As she was being ushered through the departure hall at Phnom Penh International Airport on Wednesday night, Marga Bujosa Segado, a Spanish activist and academic, issued a final message to the authorities deporting her—flipping her middle finger at an official taking her photograph.
“Happily they are all lightweight and wear so big shoes that remain empty,” she wrote on Facebook hours earlier, mocking the immigration officials who kicked her out of the country.
On Monday, Ms. Segado joined a vigil in Phnom Penh’s Boeng Kak neighborhood where activists waved U.N. flags while cursing effigies of court officials for their lack of sincerity in investigating the murder of political analyst Kem Ley.
The demonstration was swiftly broken up by officials, who bundled activists Tep Vanny and Bov Sophea into police cars.
While protesting for their release the next day, Ms. Segado was briefly detained and had her passport confiscated by immigration officials.
When she attempted to retrieve it the following morning, she was again detained and promptly put on a plane to Bangkok.
Officials warned on Thursday that Ms. Segado’s punishment should serve as a warning to any foreigners with notions of joining protests against the government.
Kem Sarin, spokesman for the Interior Ministry’s immigration department, said there was a blanket ban on such activity.
“Cambodian law does not allow any foreigner who is of a different nationality to join protests or takes action against the state. They can do as they want in their country,” he said.
“What is her role?” he said of Ms. Segado. “She’s not of Cambodian nationality—why did she have to join with them? She should stick to her own job.”
Ms. Segado, a doctoral candidate at the University of Granada’s Institute for Women’s Studies, lived in Boeng Kak and contributed earlier this year to a group study titled “Feminist Perspectives on Social Investigations.” She moved to Asia to work with NGOs in 2009, according to an article in the Spanish journal El Confidencial.
Interior Ministry spokesman Khieu Sopheak claimed Ms. Segado would have faced far harsher treatment for engaging in peaceful protests elsewhere in the region.
“We cannot let foreigners decide our fate,” General Sopheak said. “In other countries near Cambodia, if foreigners behaved in this way, they would end up in jail. She is lucky because our law says to simply deport.”
Boeng Kak activist Kong Chantha, 43, said the community had grown fond of the researcher from Majorca, who regularly interviewed them as a part of her research projects.
“She would always walk with us everywhere because she wanted to research our country,” Ms. Chantha said. “The first time she came to Cambodia she saw there were injustices. That’s why she spent a long time with us.”

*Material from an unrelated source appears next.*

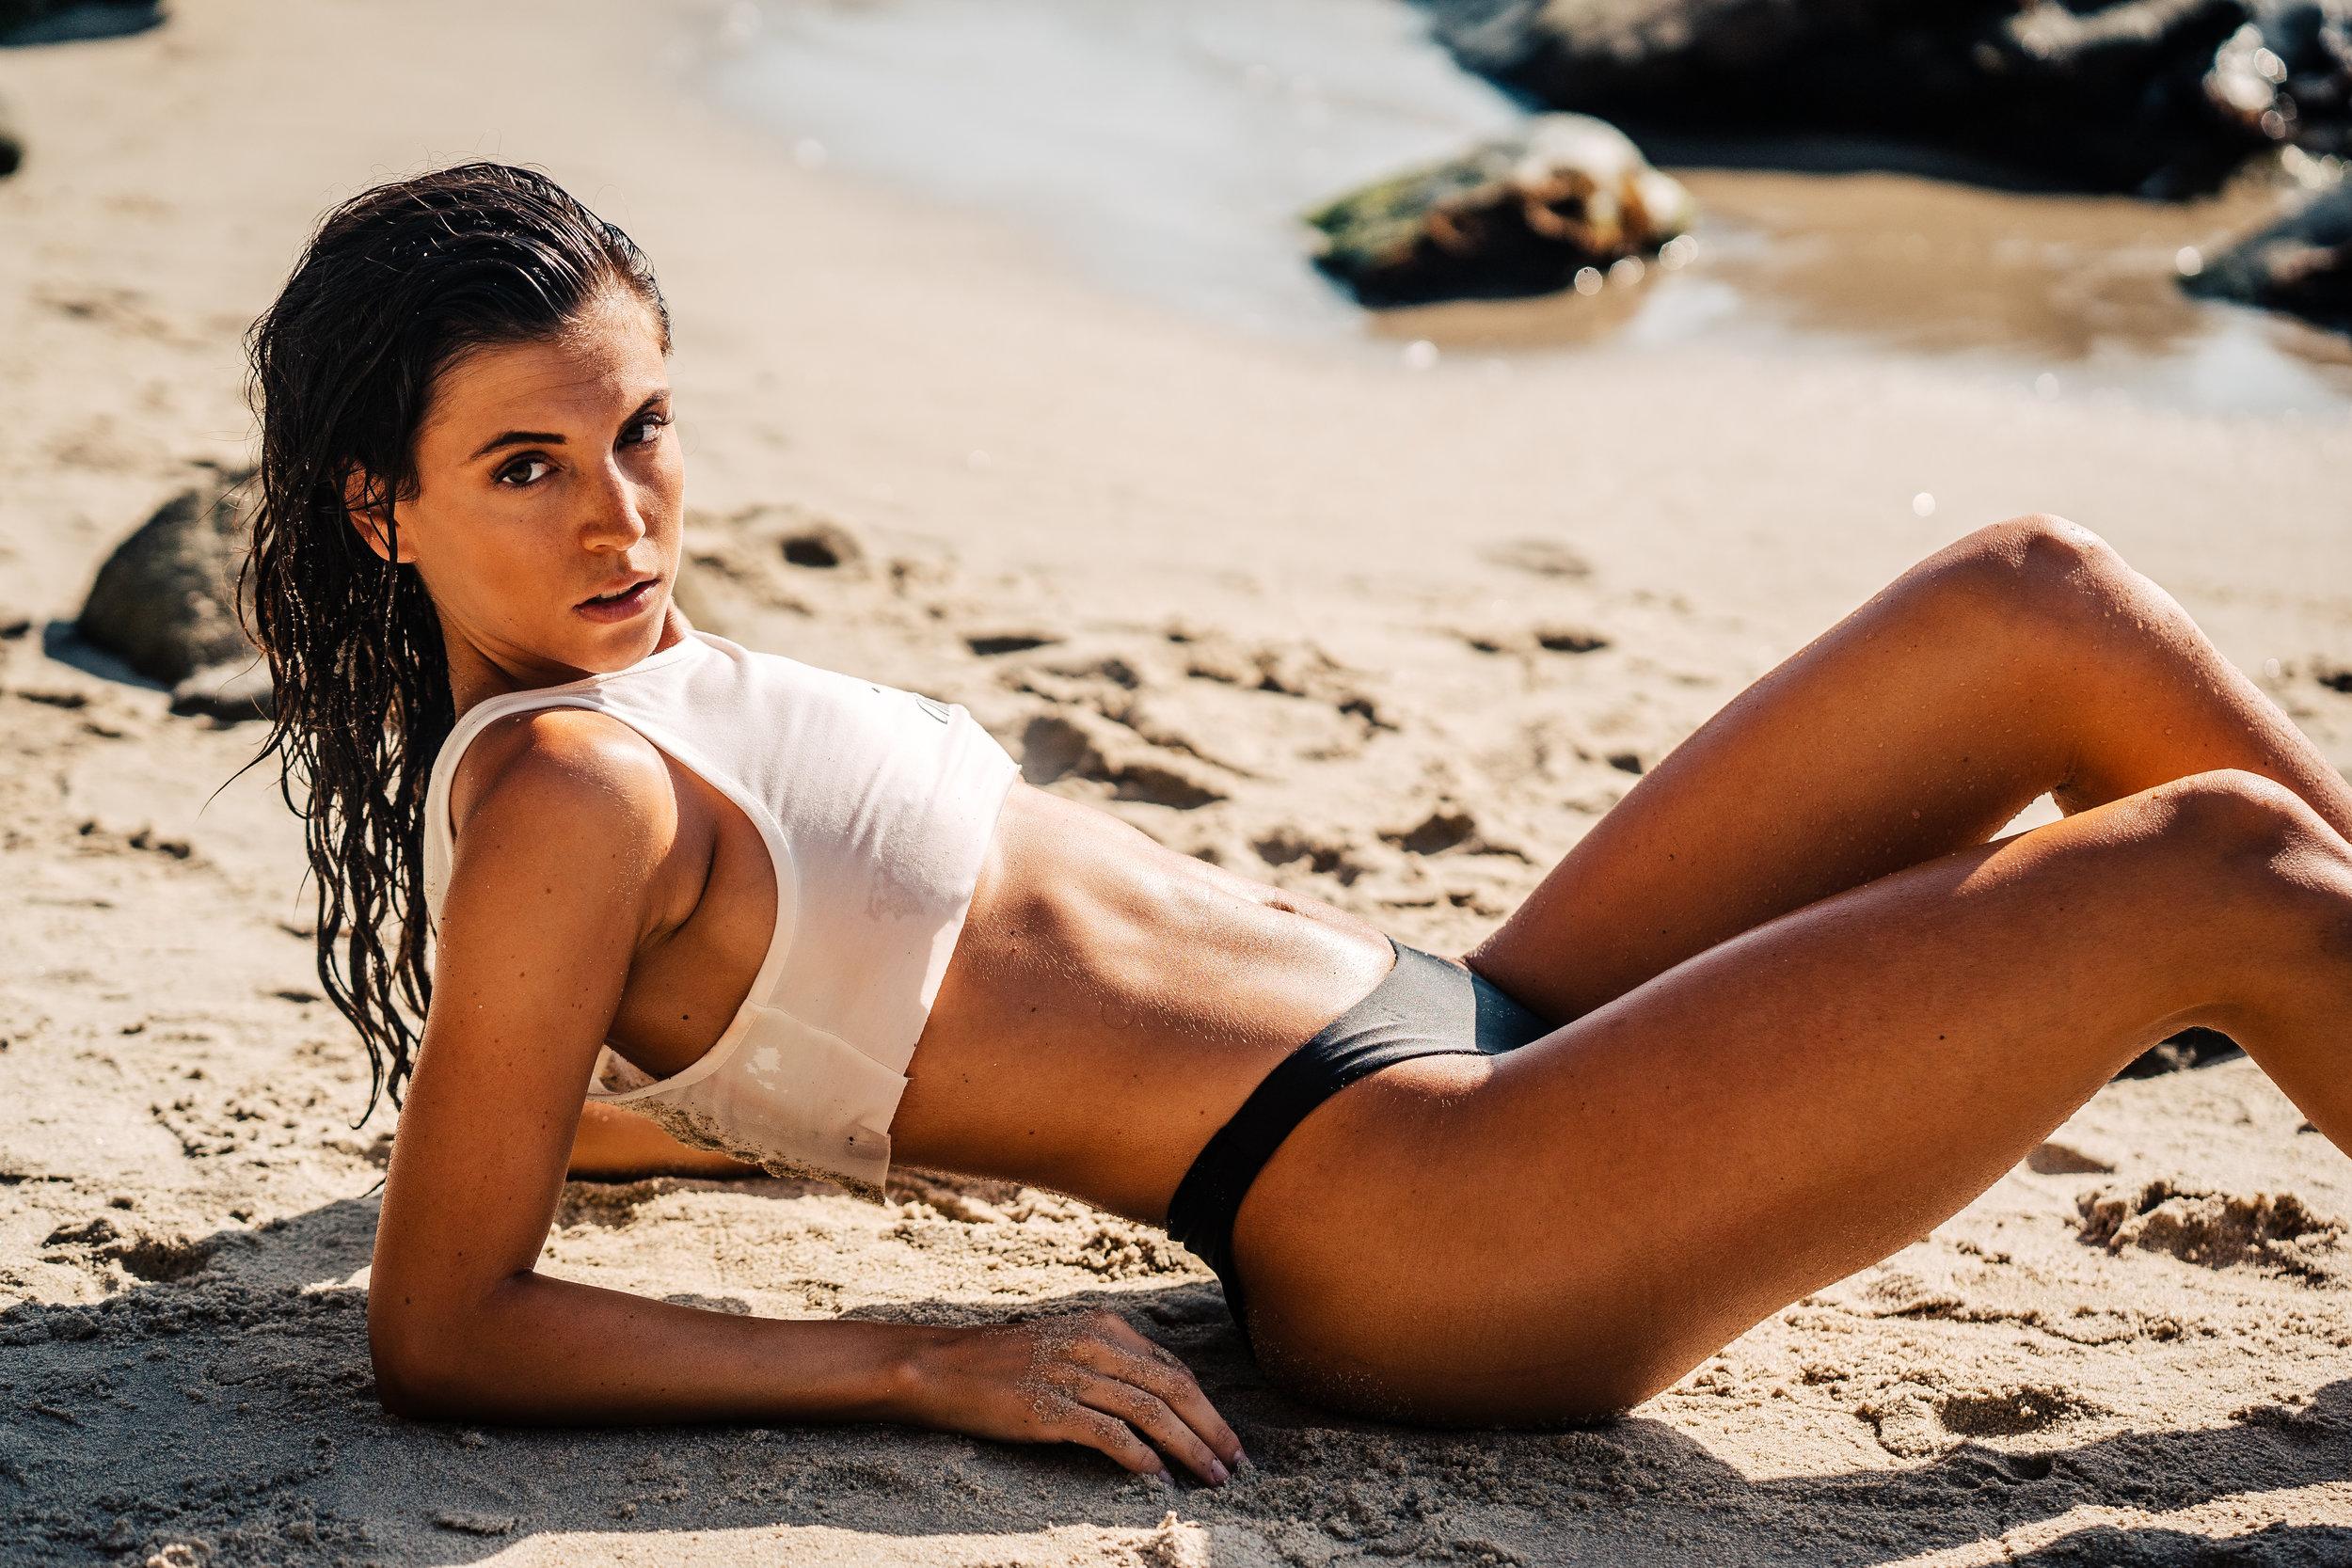 @ella.jordan |@thenobraclub  Moss Street Beach - Laguna Beach, CALIFORNIa
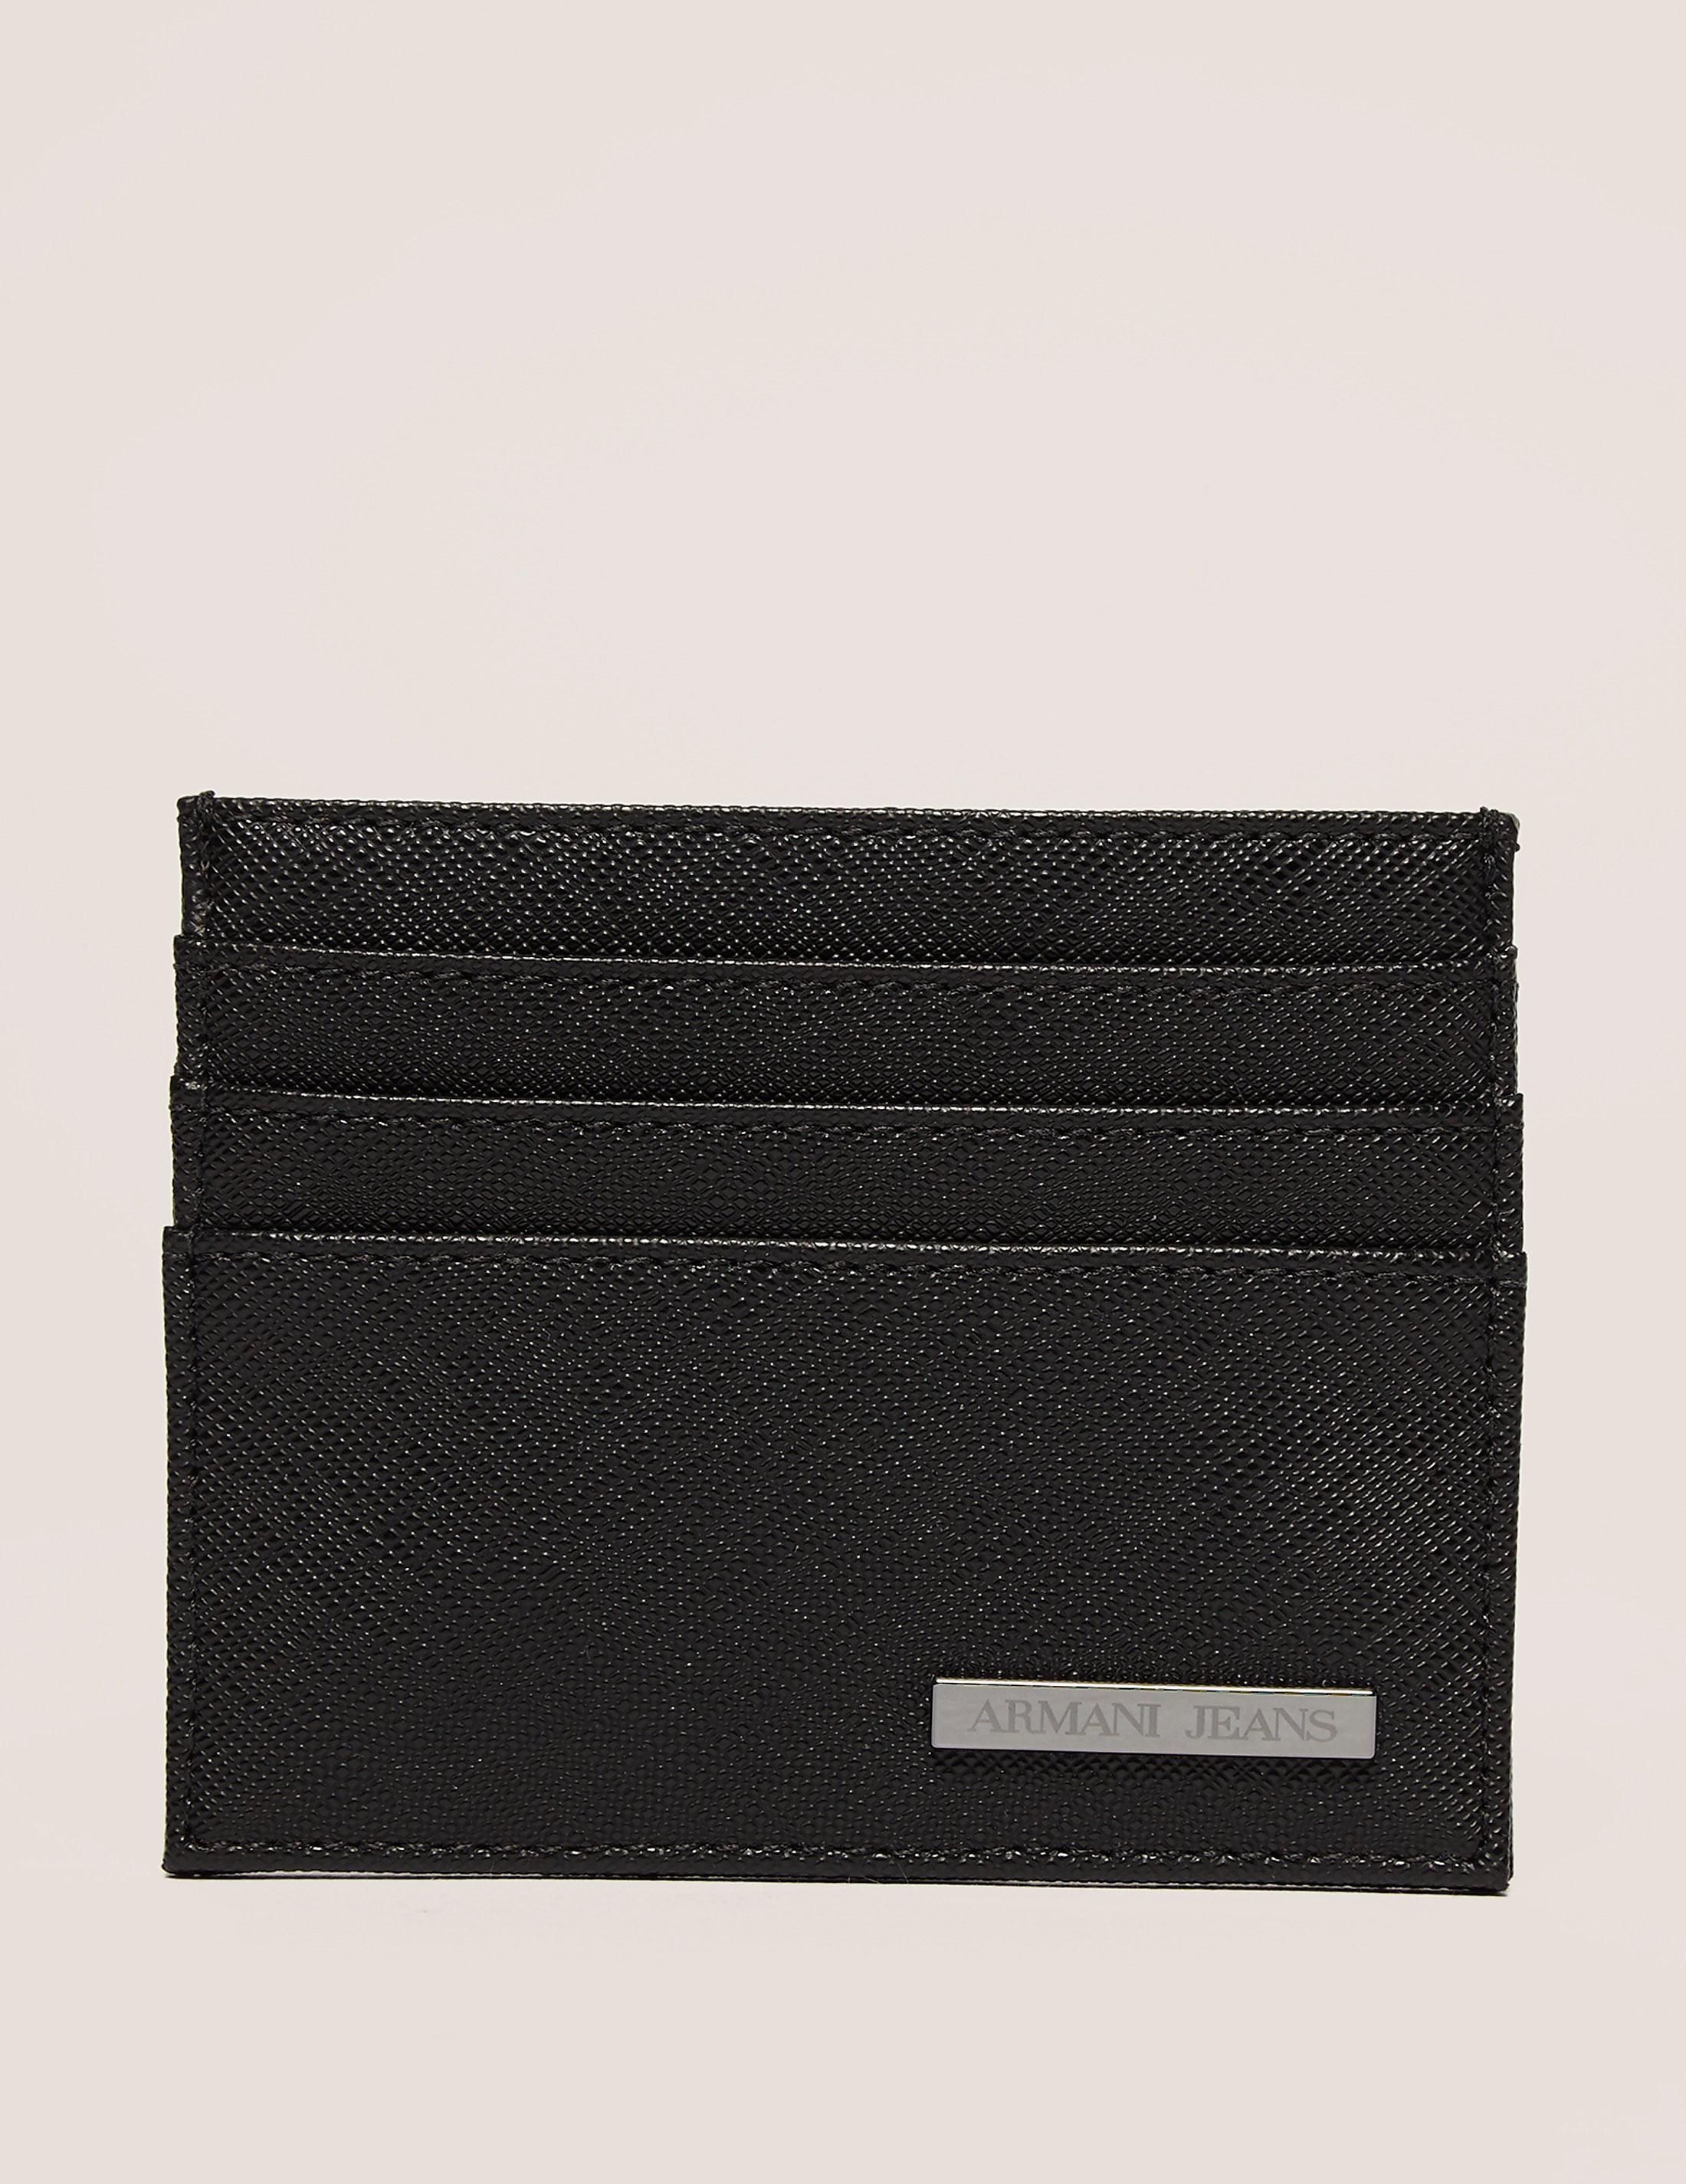 Armani Jeans Saffiano Card Holder

Despite photos online that show Ms. Segado partaking in multiple protests, Ms. Chantha claimed the Spaniard had no role in organizing them.
“She never planned our protests. I am sad because she merely did research to report on our issues in her country,” she said. “Why did she need to be deported?”
Although Ms. Vanny and Ms. Sophea were jailed on incitement charges on Wednesday for their leading roles in the ongoing “Black Monday” campaign calling for the release of imprisoned rights workers, Ms. Chantha vowed to continue protesting.
“The Black Monday campaign will not end. Now we have another plan to protest for the release of our activists,” she said.
Am Sam Ath, technical adviser for rights group Licadho, denounced the government’s decision to deport Ms. Segado and said there was no law preventing foreigners from engaging in peaceful activism.
“The authorities worry too much. They saw that she was close to the activists and then became afraid that this could cause a color revolution,” he said. “Any campaign for advocacy, foreigners can join it.”
Although critical of the decision to deport Ms. Segado, political analyst Ou Virak said he believed the direct involvement of foreigners in activism could be counterproductive.
“Cambodia is a country that is a bit more internationalized than most and people tend to look particularly to Western people, including the Cambodian government, by the way,” he said.
“In that sense, they would be seen as providing security, particularly when they are taking part …because there’s that sense of ‘the world is actually watching.’”
Mr. Virak said foreigners should restrict themselves to advisory roles and steer clear of demonstrations.
“I don’t think they should be deported, but I don’t support the approach. Sometimes there’s people coming into Cambodia with an agenda and sometimes they have more sway, which sometimes drowns out the local voices,” he said.
Alejandro Gonzalez-Davidson, a Spanish environmental activist who was deported in February last year while leading a campaign against a planned hydropower dam in Koh Kong province, said the deportation of his compatriot was a worrying development.
“The expulsion of the Spanish researcher has come as a bit of a shock to many, since she had a valid visa and had not been found guilty by any court of having committed a crime,” he said in an email.
“This is indeed a worrying development that will surely put many other foreigners on edge, as they will fear being next,” he added.
“The government must not start seeing these foreigners who are involved in advocacy as dangerous enemies of the state, but instead as people who can play a very important role in the development of Cambodia as a whole.”